As “máfias” estão em alta... no setor de tecnologia. Mas não há nada pejorativo, neste caso, com o termo “máfia”. A expressão foi popularizada no Vale do Silício e a mais conhecida delas é a do PayPal, cujos fundadores criaram outras empresas bilionárias, como Reid Hoffman, que fundou o LinkedIn; Peter Thiel, que criou a Palantir; e Elon Musk, o multibilionário fundador da Tesla e da SpaceX.
Agora, as “máfias” tech estão ficando mais populares na América Latina. Uma pesquisa realizada pelas gestoras de venture capital Atlantico e Norte Ventures mostrou quais empresas geraram mais startups. Rappi, Stone e Mercado Livre, nesta ordem, lideraram o ranking.

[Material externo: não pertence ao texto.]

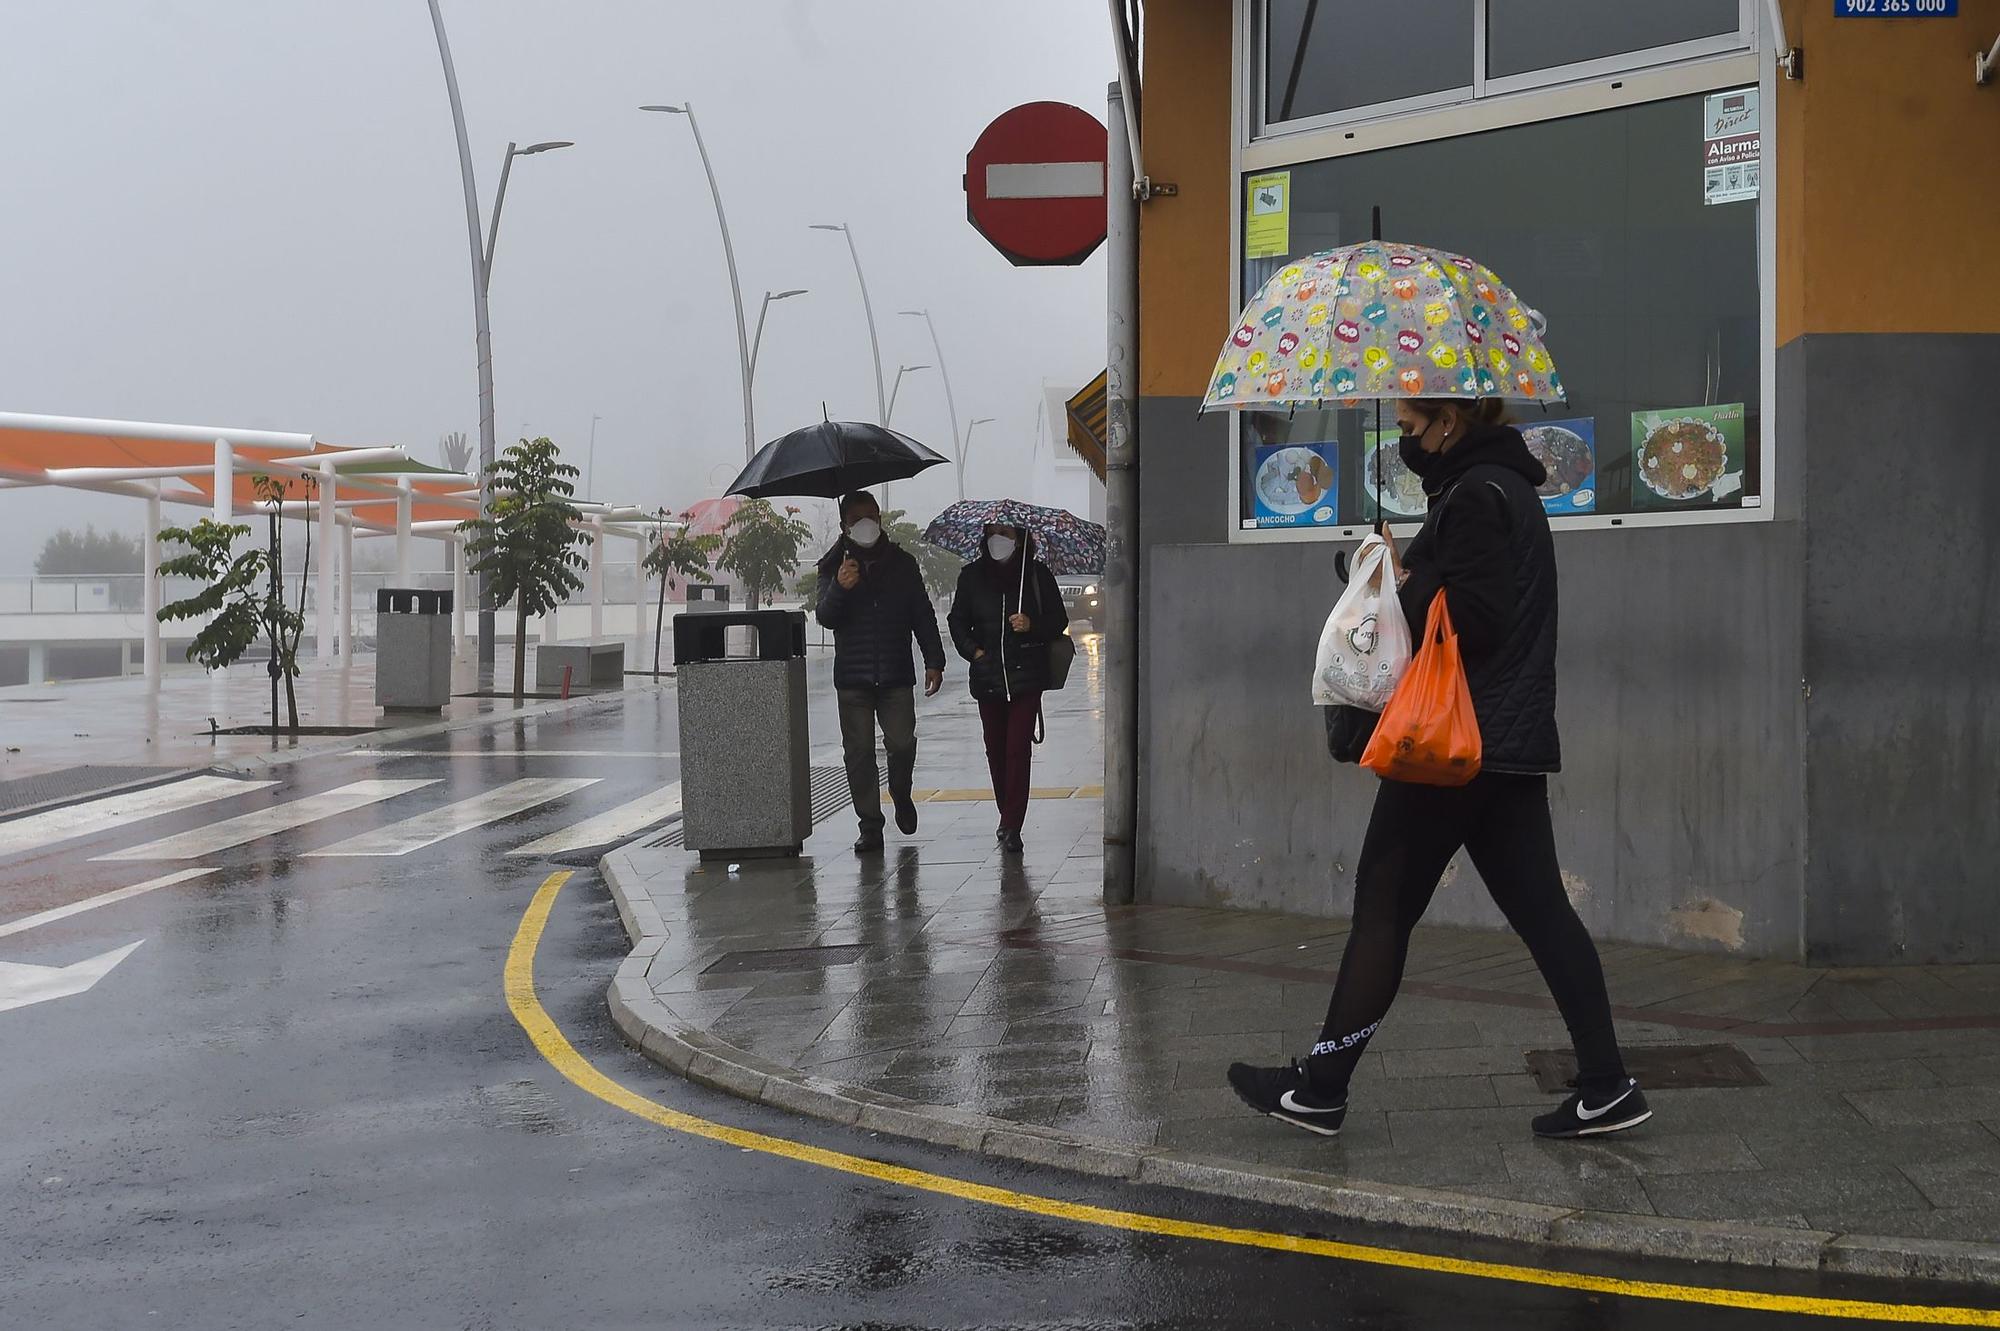 Lluvias débiles en el norte y medianías de Gran Canaria (07/01/2021)

“A existência de tech máfias mostra que o mercado de venture capital latino-americano amadureceu: já não dependemos de um unicórnio isolado, mas de ondas sucessivas de empreendedores que aplicam playbooks comprovados”, diz Gustavo Ahrends, sócio da Norte Ventures, ao NeoFeed.
A pesquisa teve alguns critérios para definir as “máfias”. Primeiro, escolheu apenas os unicórnios, como são chamadas as companhias avaliadas em mais de US$ 1 bilhão. E só contou as startups que receberam ao menos US$ 1 milhão em aportes. No total, 136 empresas passaram por essa régua.
Pessoas que trabalharam no Rappi fundaram 27 startups. Na Stone, 14. E o Mercado Livre, 13. A lista inclui ainda Creditas (12 startups), Nubank (12), iFood (11), 99 (9), Loft (9), QuintoAndar (9), Wildlife (8) e Decolar (7).
“Não surpreende que a maior máfia seja a da Rappi: além de levantar bilhões em capital ao longo dos anos, a empresa funcionou como um laboratório de iniciativas em múltiplos setores — de delivery a fintech — formando uma geração inteira de executivos prontos para criar os próximos unicórnios da região”, afirma Ahrends.
Exemplos de startups que surgiram de empreendedores que atuaram na Rappi são a BHub, de Jorge Vargas Neto; a Yuno, que atua em pagamentos, de Juan Pablo Ortega e Julian Nunez; e a Vammo, startup de aluguel de motos elétricas para entregadores de aplicativos e motoboys, de Jack Sarvary.
Apesar disso, a Rappi, que nasceu na Colômbia, ficou para trás na guerra do delivery do mercado brasileiro, perdendo espaço para o iFood, que é dono de uma fatia estimada em 80% nessa área. Agora, com um cheque da Amazon, a startup fundada por Sebastian Mejia entra de novo nessa disputa, em um momento em que 99Food e Keeta, da Meituan, tentam desafiar o iFood.
As pessoas que trabalharam na Stone criaram a Conta Simples (Ricardo Gottschalk), Fintalk (Luiz Lobo) e a Brex, fintech fundada por Henrique Dubugras e Pedro Franceschi, avaliada em US$ 12,4 bilhões. No caso do Mercado Livre, a lista inclui Elevva (Felix Tomas Elizalde) e Pomelo (Hernan Corral).
A pesquisa de Atlantico e Norte Ventures traz outro ângulo que mostra o poder das máfias tech. Os empreendedores que saem dessas empresas conseguem levantar mais capital. Nas rodadas seed, o cheque é até seis vezes maior do que a média do mercado latino-americano. Nas séries A, o aporte é três vezes maior.
“Fundadores vindos dessas máfias captam mais porque carregam um selo de confiança”, diz Ahrends. “Já provaram que sabem escalar negócios bilionários, atraem capital global e têm uma rede pronta para acelerar o próximo ciclo.”
Outro dado da pesquisa refere-se aos down rounds. Eles aumentaram três vezes desde o pico de valuation em 2021 — neste ano, 8% das rodadas foram abaixo do valor do aporte anterior. No ano passado, isso aconteceu em 21% dos rounds. A boa notícia é que esse é o mesmo patamar dos Estados Unidos.
Apesar de o ritmo de novas rodadas estar devagar, um sinal de que está mais difícil levantar capital, a pesquisa mostra que os fundos de venture capital estão com o caixa cheio: contam com US$ 3 bilhões para investir em startups da América Latina.